Hele, soruşturmanın en önemli cüzünü oluşturan Halkbank meselesinin, doğrudan Amerika’yı ilgilendirdiği ve “ambargoyu delmek” suçlamasının Türkiye’de yasal bir takibatı gerektirmediği de biliniyor.

Bunları bile bile, “kol saati” diye yazılar yazıp, o günkü iddiaların bir başka veçhesiyle “haklılığına” işaret etmek, en hafif ifadesiyle, ayıptır.

Ki, ambargoyu delmiş mebzul miktar Amerikan firması varken, burada “suç”vehmedenlerin değirmenine su taşımak ya da suç varmış da üzeri örtülüyormuş gibi bir algı oluşturmak, “ayıp”ın da ötesinde bir tutuma işaret eder.

Ben yoruldum “içimizdeki” elemanlarla cebelleşmekten.

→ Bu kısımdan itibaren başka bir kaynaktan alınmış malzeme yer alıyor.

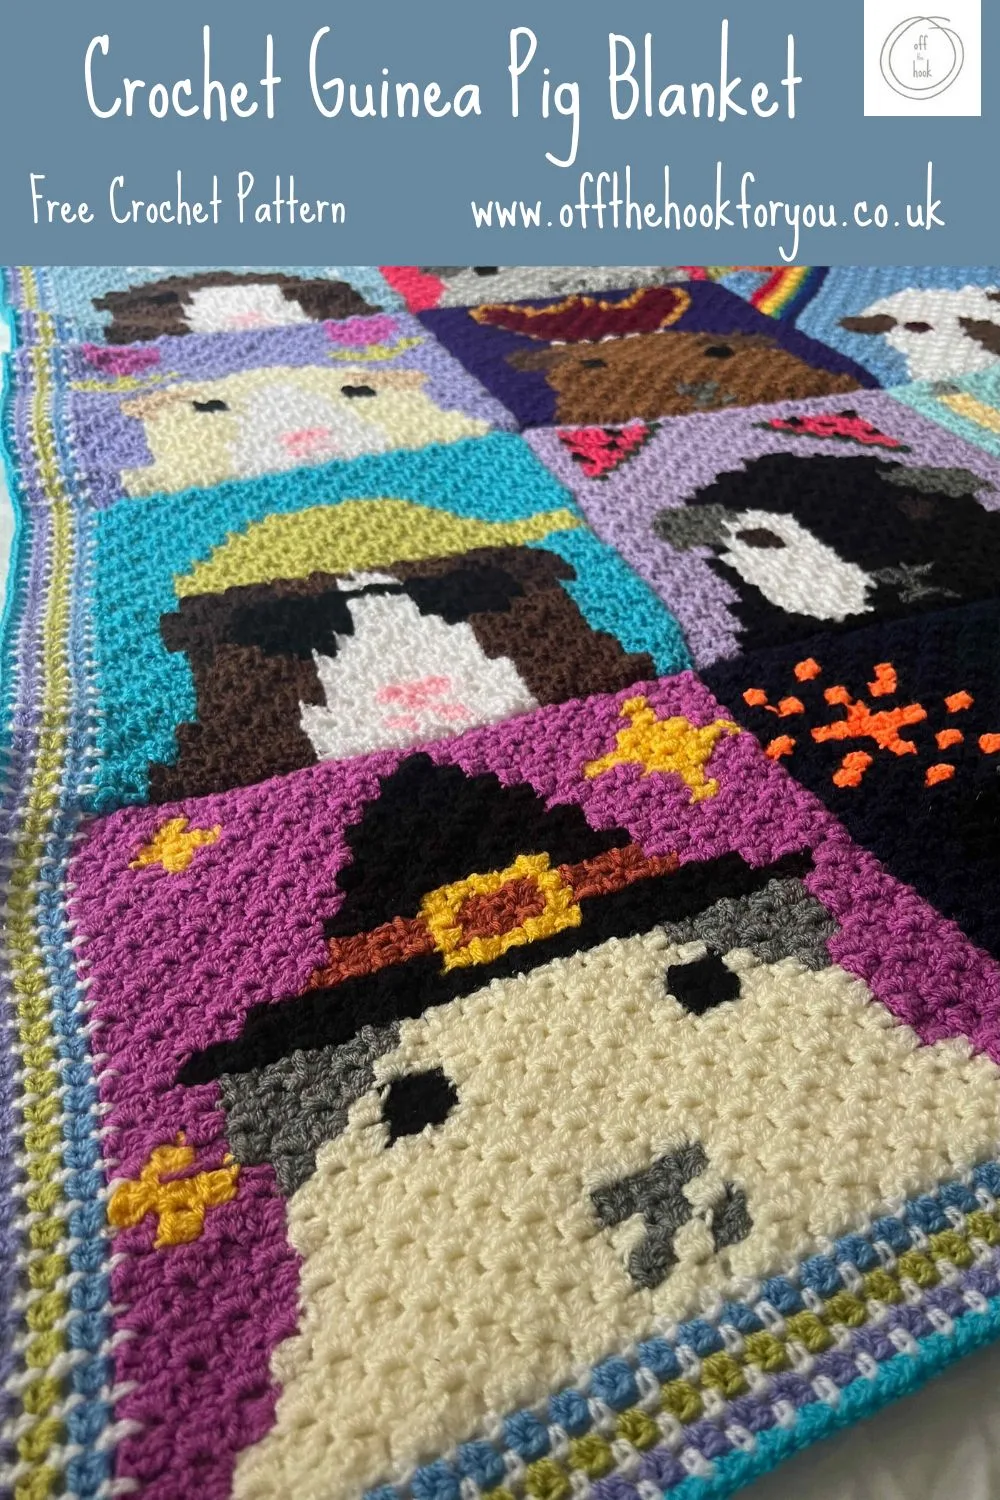 Crochet Guinea pig blanket
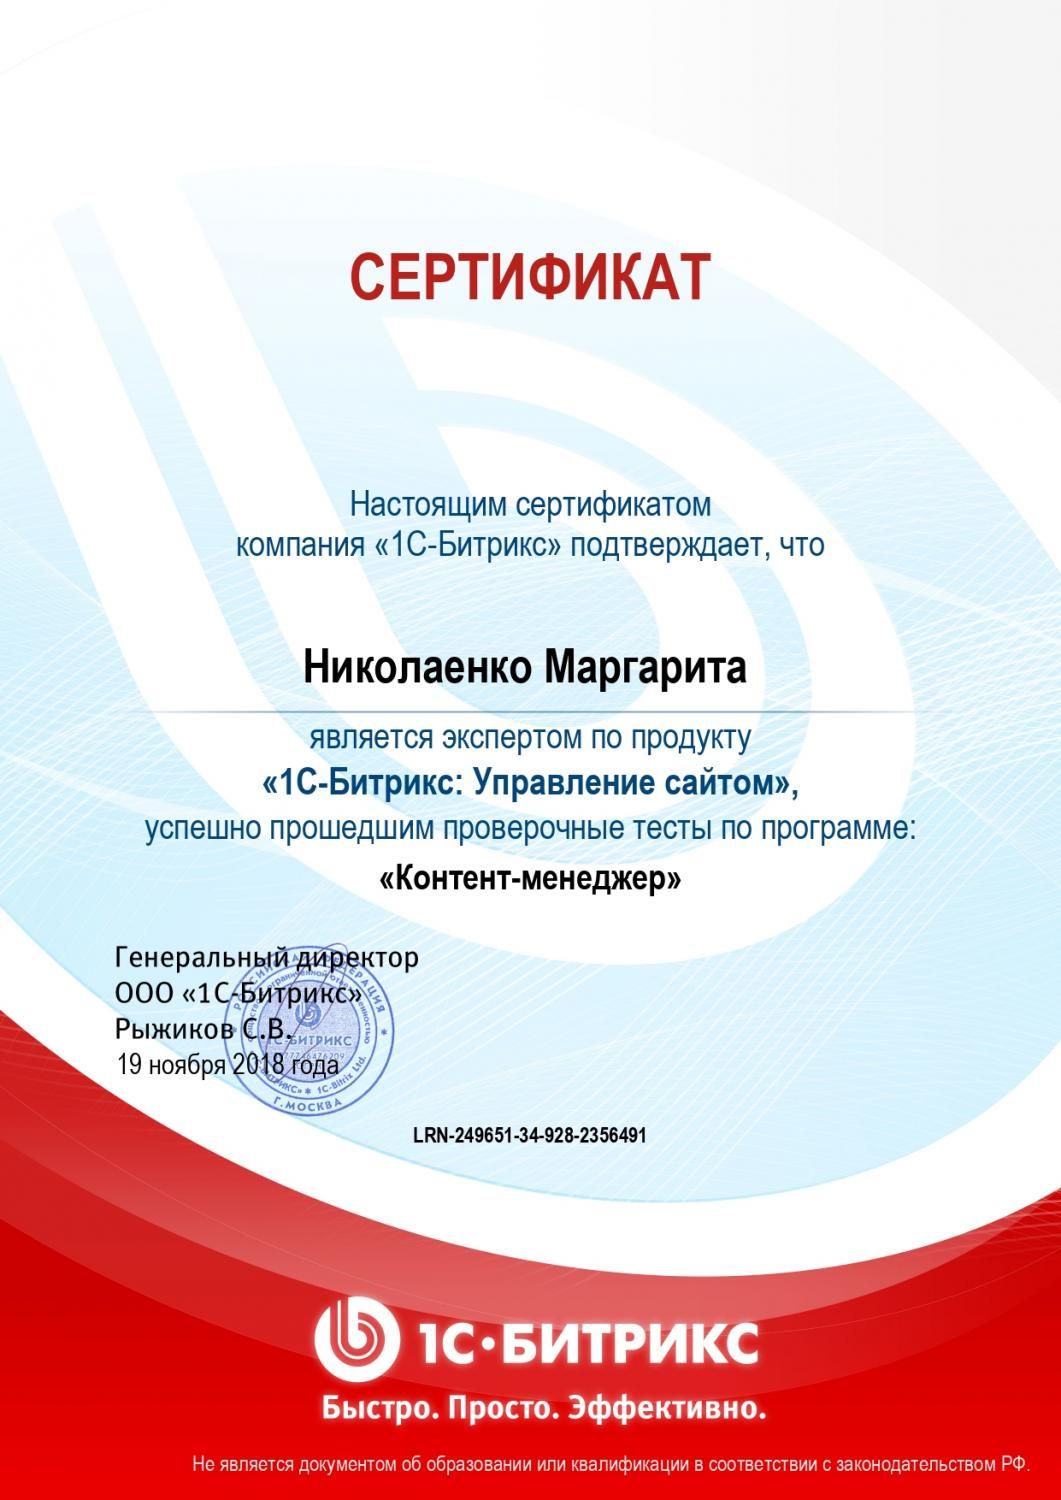 Сертификат эксперта по программе "Контент-менеджер" - Николаенко М. в Твери

Bunun adını da siz koyun...

Efendim, dönemin Başbakanı “Aklanın da gelin” demiş...

Eski TBMM Başkanı, “Evet, aklansınlar da gelsinler” demiş...

Peki, dönemin Başbakanı ve TBMM Başkanı, o delillerin nasıl oluşturulduğunu bilmiyor mu?

Para sayma makinelerinin, ayakkabı kutularının, montajlanmış ses kayıtlarının, ortalığa saçılmış tapelerin ve bilumum kirli varakanın bir mizansenin “tamamlayıcı aparatları”olduğunu bilmiyor mu?

Kaldı ki, “aklanın gelin” diyen dönemin Başbakanı, bir de, durumdan Cumhurbaşkanı Erdoğan’ın haberdar olduğunu, hatta onun iznini aldığını söylemişti. Yani, yanlış bilgi vermişti.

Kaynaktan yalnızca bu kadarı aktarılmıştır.